Наташа не походила ни на одну из девушек, которых он когда-либо видел. Окружающие ее считали странной, сама себя она называла индиго. Ее черты лица не были правильными, но несмотря на это, она была красива. Длинные черные волосы обрамляли ее лицо, утонченные черты которого говорили о хрупкости натуры. Ей было 19, большинство девушек в ее возрасте активно тусили, однако ей это было не интересно. Она рисовала. Она рисовала деревья, фонарные столбы, колодезные люки, дверные ручки, выключатели, таблички с указанием улиц. Она изображала штрихи жизни, как она сама говорила, ведь жизнь состоит из таких мелочей. Однажды она решила нарисовать старый тополь, который видела в одном из соседних дворов. Степа очень удивился, когда увидел возле своего любимого дерева хрупкую девушку с мольбертом. Это было тем необычнее, что накрапывал мелкий дождик, а девушка продолжала рисовать. Он спустился и раскрыл зонт над ее головой. Она еле заметно улыбнулась и продолжила рисовать. Степа молча держал зонт, лишь изредка меняя руку, пока она не закончила. Произведение получилось весьма странным, но Степа решил, что просто ничего не понимает в живописи.
– Завтра тоже дождь обещали – задумчиво произнесла вдруг девушка. Степа молча смотрел на нее, продолжая держать зонт.
– Я часто рисую под дождем. – продолжала она. – Сама природа участвует в создании штрихов жизни. Так и со мной. Я пишу, дождь дописывает, мы творим вместе.
Степа задумался. Он ровным счетом ничего не смыслил в искусстве, но сама девушка казалась воплощением его. Если бы где-то в мире существовала Муза и людям было дано ее увидеть, то выглядела бы она точь-в-точь как эта девушка. Она казалась ему загадкой и отгадкой одновременно.
– Проводишь меня? – она взглянула на него. Он молча кивнул, взял ее мольберт, который оказался довольно тяжелым, и они неспешно зашагали в сторону ее дома. Она что-то говорила об искусстве, о роли творца в обществе, а Степа просто наслаждался звуком ее голоса и тем, что идет рядом с ней. Он вдруг сообразил, что за все время знакомства не произнес ни слова. Какой позор, он словно проглотил язык! Что она о нем подумает? Если она решит, что он немой, ему будет не на кого обижаться.

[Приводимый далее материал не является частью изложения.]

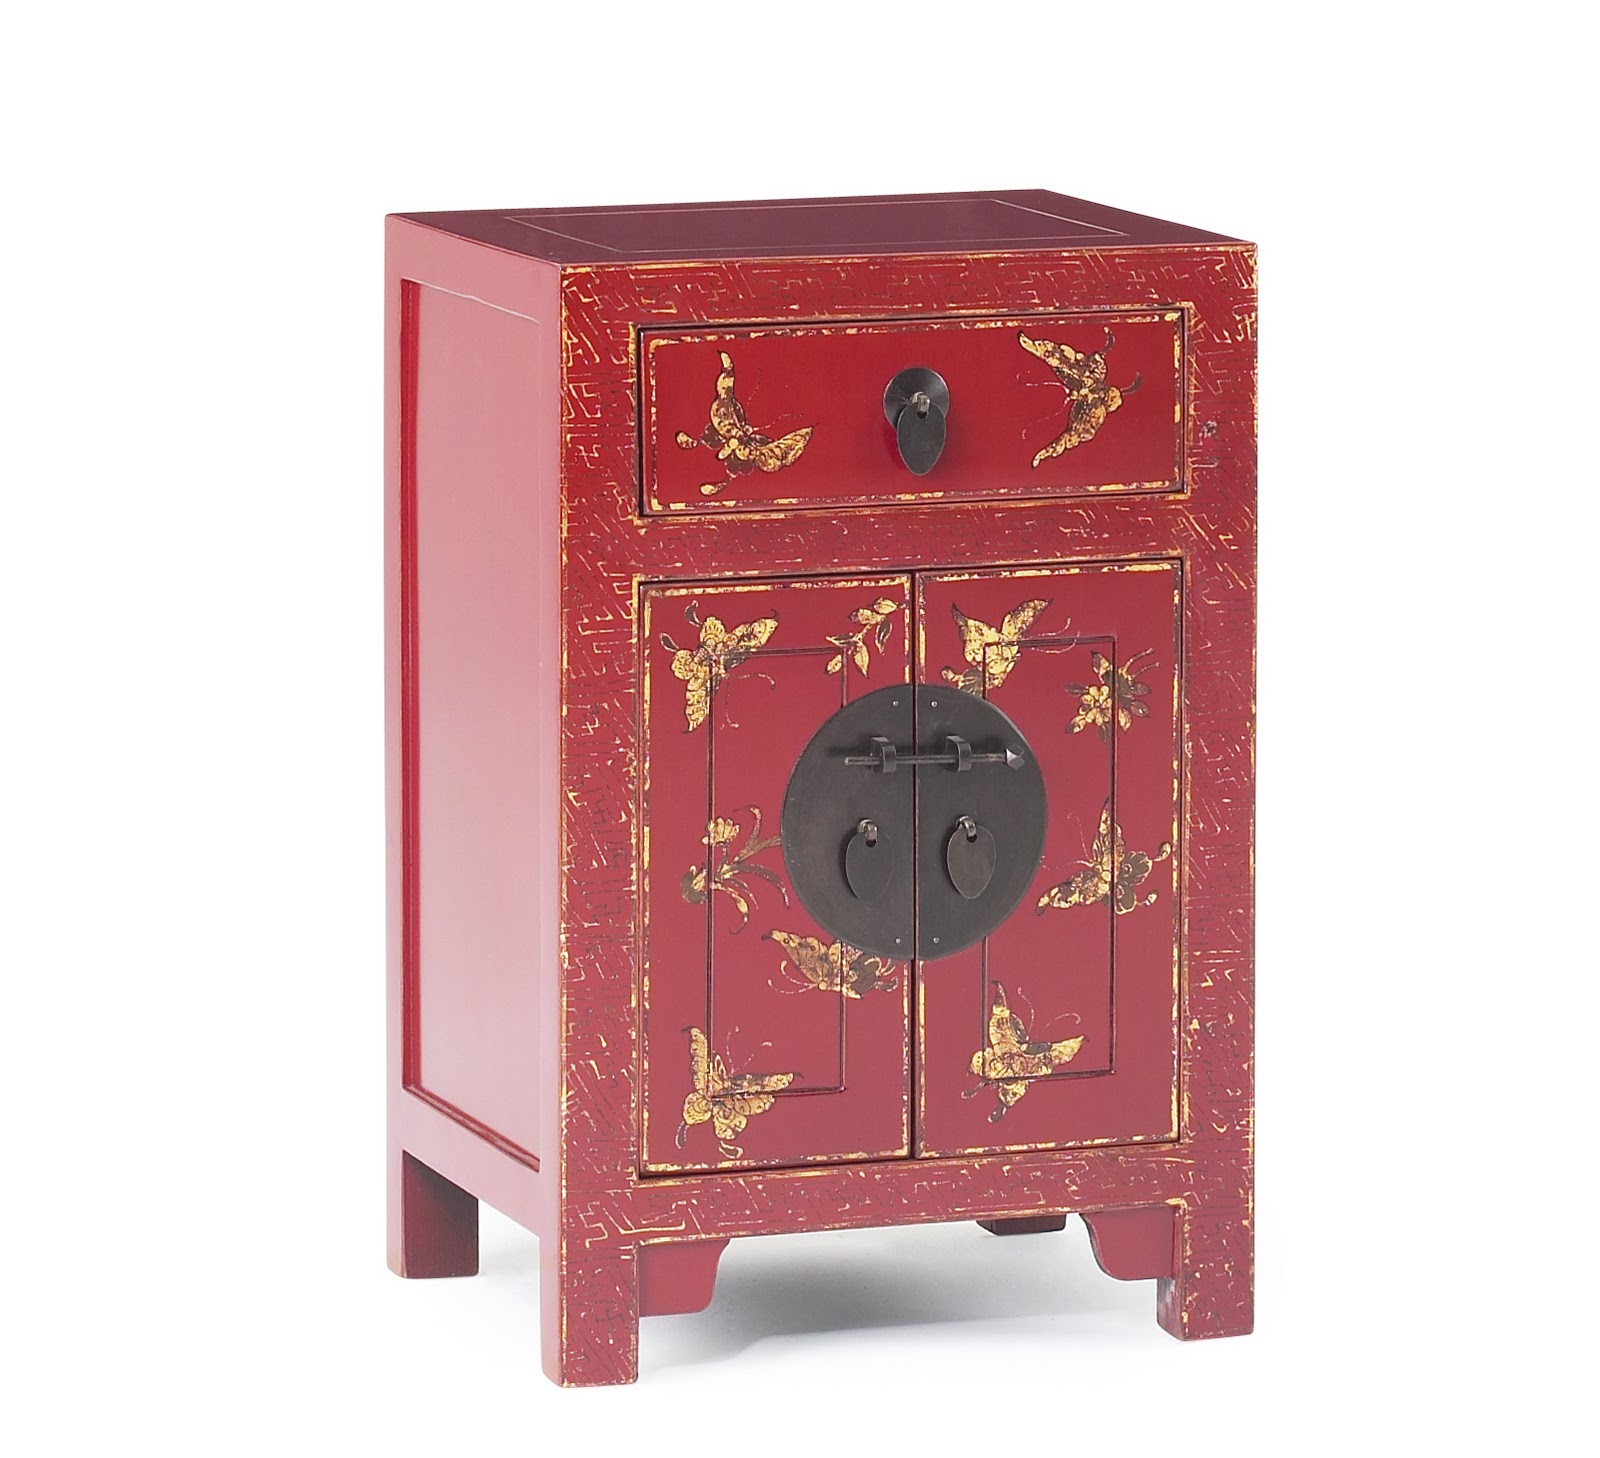 http://1.bp.blogspot.com/-0P70emkEevw/TWKEdWRvmAI/AAAAAAAAAW4/hlgYxa9oV4w/s1600/Interiors+Chinese+-+Chinoiserie+Red+Lacquer+Hand+Painted+Bedside+Cabinet+from+Supatra.jpg

Кстати, он даже не взял номер ее телефона. Да что это с ним? Они подошли к ее дому.
– Пришли – улыбнулась она. Он кивнул и улыбнулся в ответ.

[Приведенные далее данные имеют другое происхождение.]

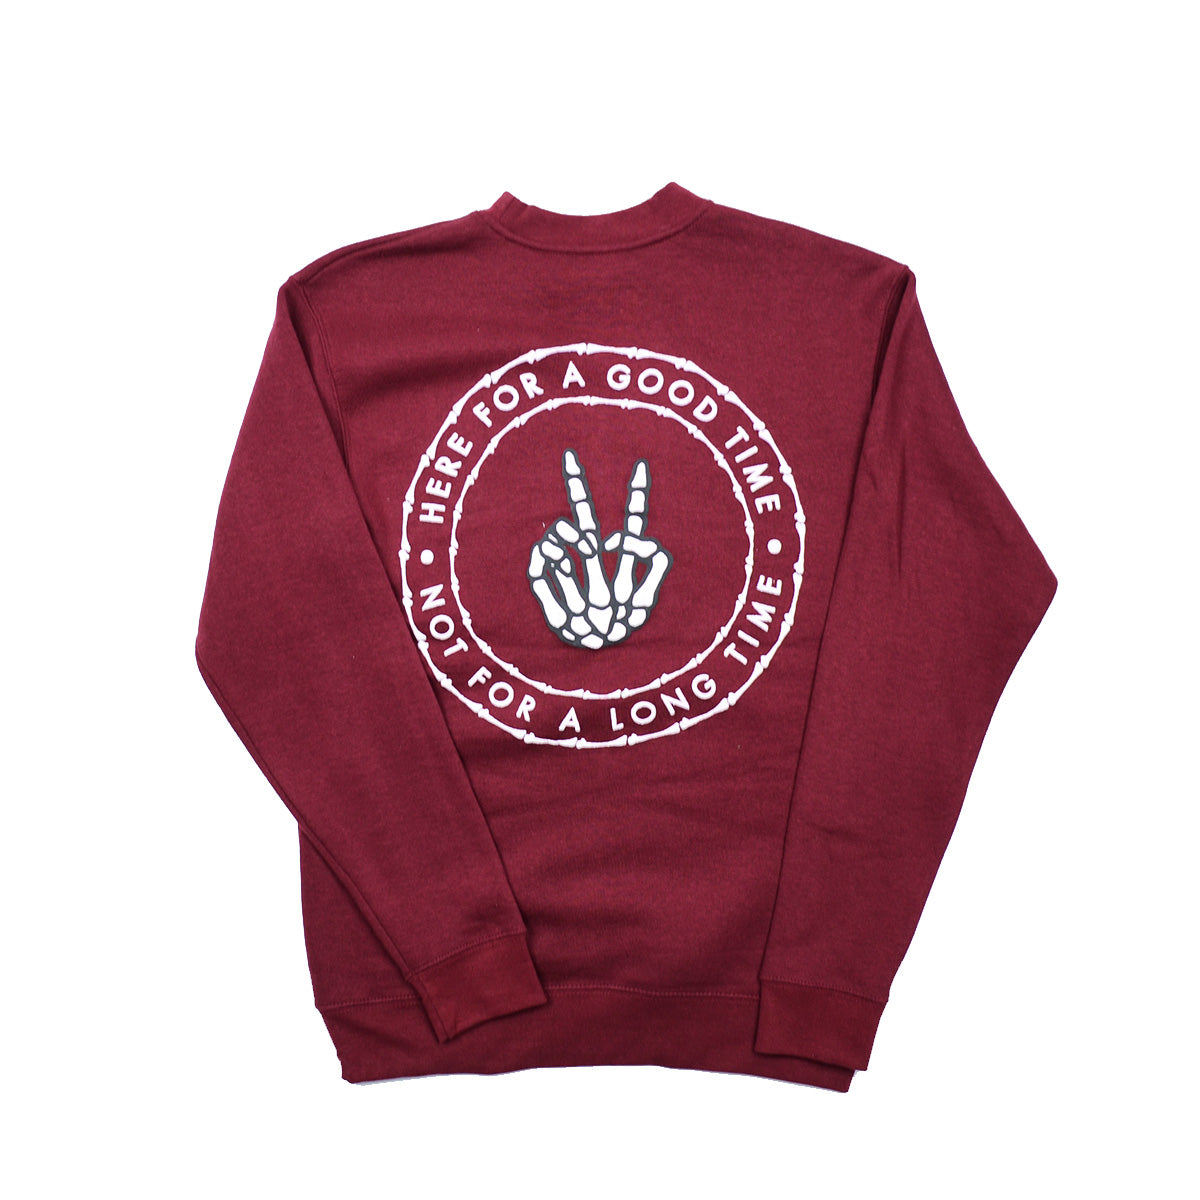 6 Pieces Pack of Burgundy Hoodie''Here for a Good Time'' 1S-2M-2L-1XL

– Я завтра буду рисовать Ленина, который около ж/д-вокзала стоит, знаешь где это?
– Знаю.
– Придешь?
– Приду.
– Ну тогда пока!
– Пока.
Она повернулась и пошла к своему подъезду. У самых дверей она остановилась, обернулась и еще раз посмотрела на него.

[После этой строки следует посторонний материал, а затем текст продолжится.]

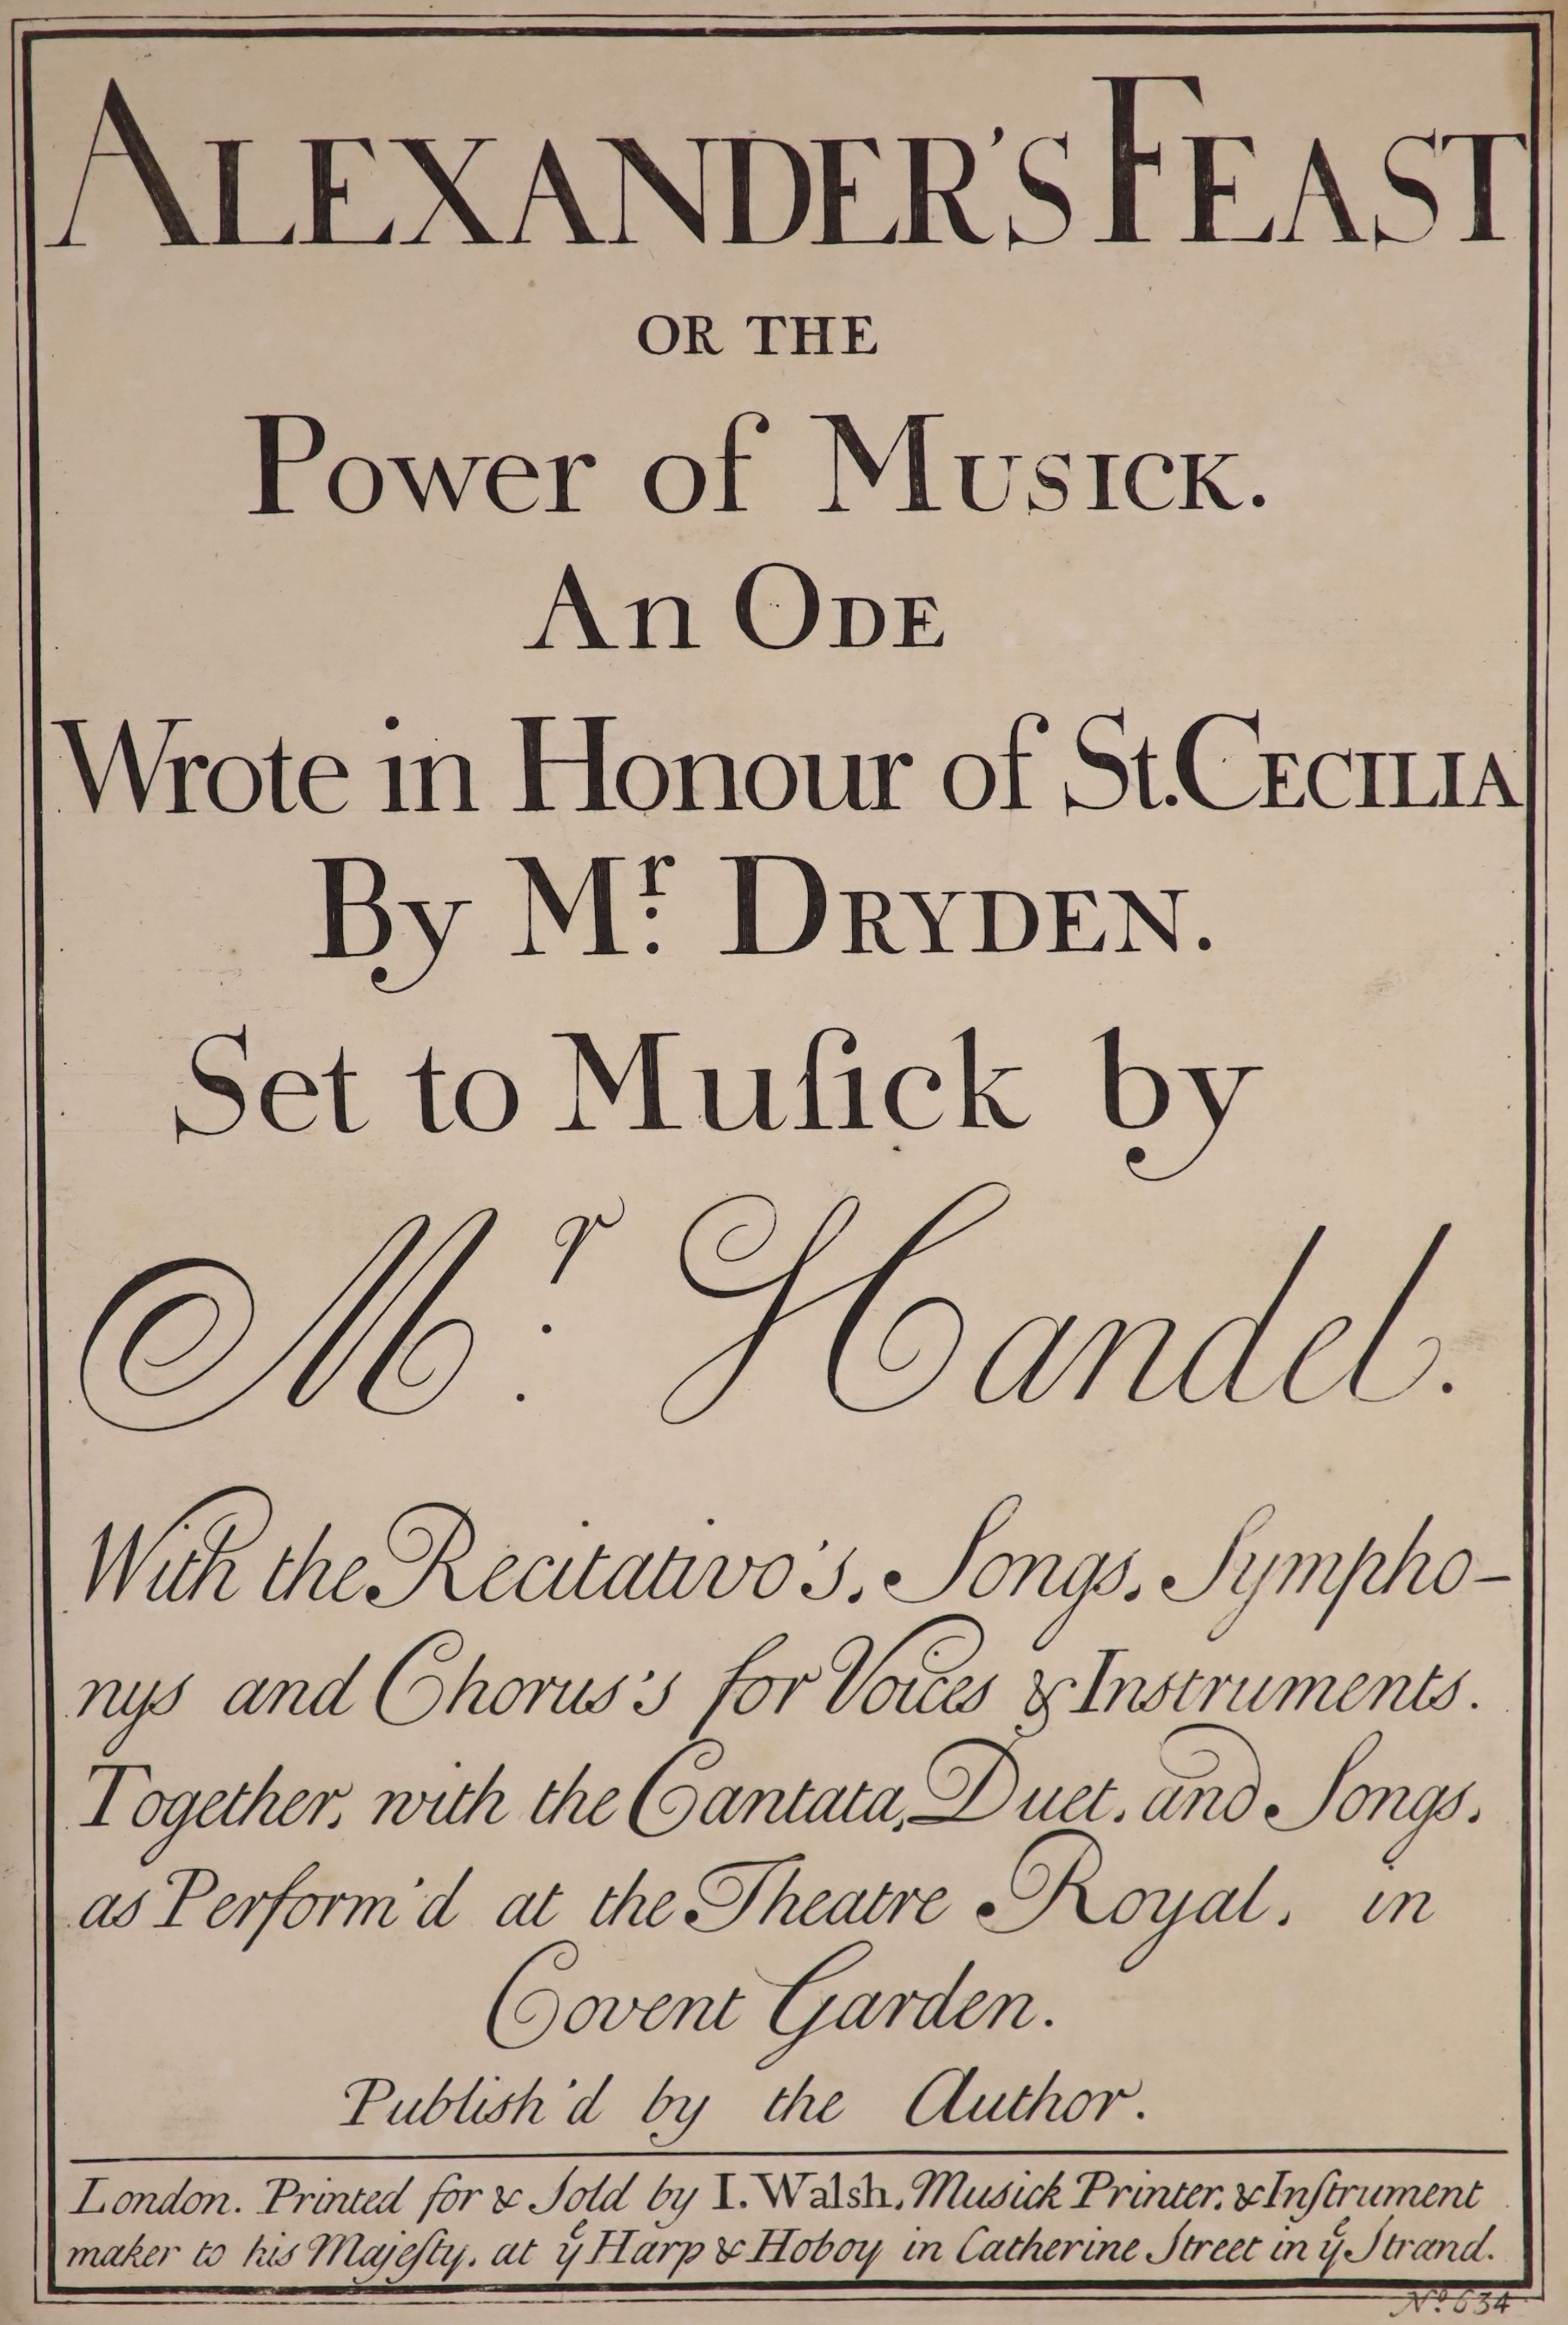 ° Dryden, John. and Handel, George Frideric - Alexander’s Feast or the Power of Musick (sic). An Ode

– Ты забавный. – улыбнулась она и зашла в подъезд.
Едва за ней захлопнулась дверь, он развернулся и побежал обратно. Сердце бешено колотилось в висках стучало. Такого волнения он еще не испытывал. Он влюбился сразу и безоговорочно и знал, что завтра уже с утра будет стоять у памятника, чтобы не пропустить ее появление. Он бежал под дождем как Маугли по весеннему лесу, казалось, мир вокруг расцветал, наполнялся жизнью и наполнял жизнью его…
Они встретились на следующий день, как и договаривались. Затем еще и еще, постепенно у них вошло в привычку гулять по городу, рисовать и болтать о разных вещах. Иногда они встречались в ее дворе, где Степа поджидал ее на лавочке, иногда он заходил за ней в интернет-кафе, где она работала администратором. Степа потихоньку разговорился и ее монологи сменились диалогами. Однажды он осмелился взять Наташу за руку, и она не отняла ее. Затем он поцеловал ее в губы, и она не отпрянула.
Она вернула ему ощущение жизни. Он даже начал искать работу, но с четырьмя судимостями сделать это было крайне непросто. В конце концов он устроился водителем маршрутки, потому что сидеть на шее у родителей больше не мог.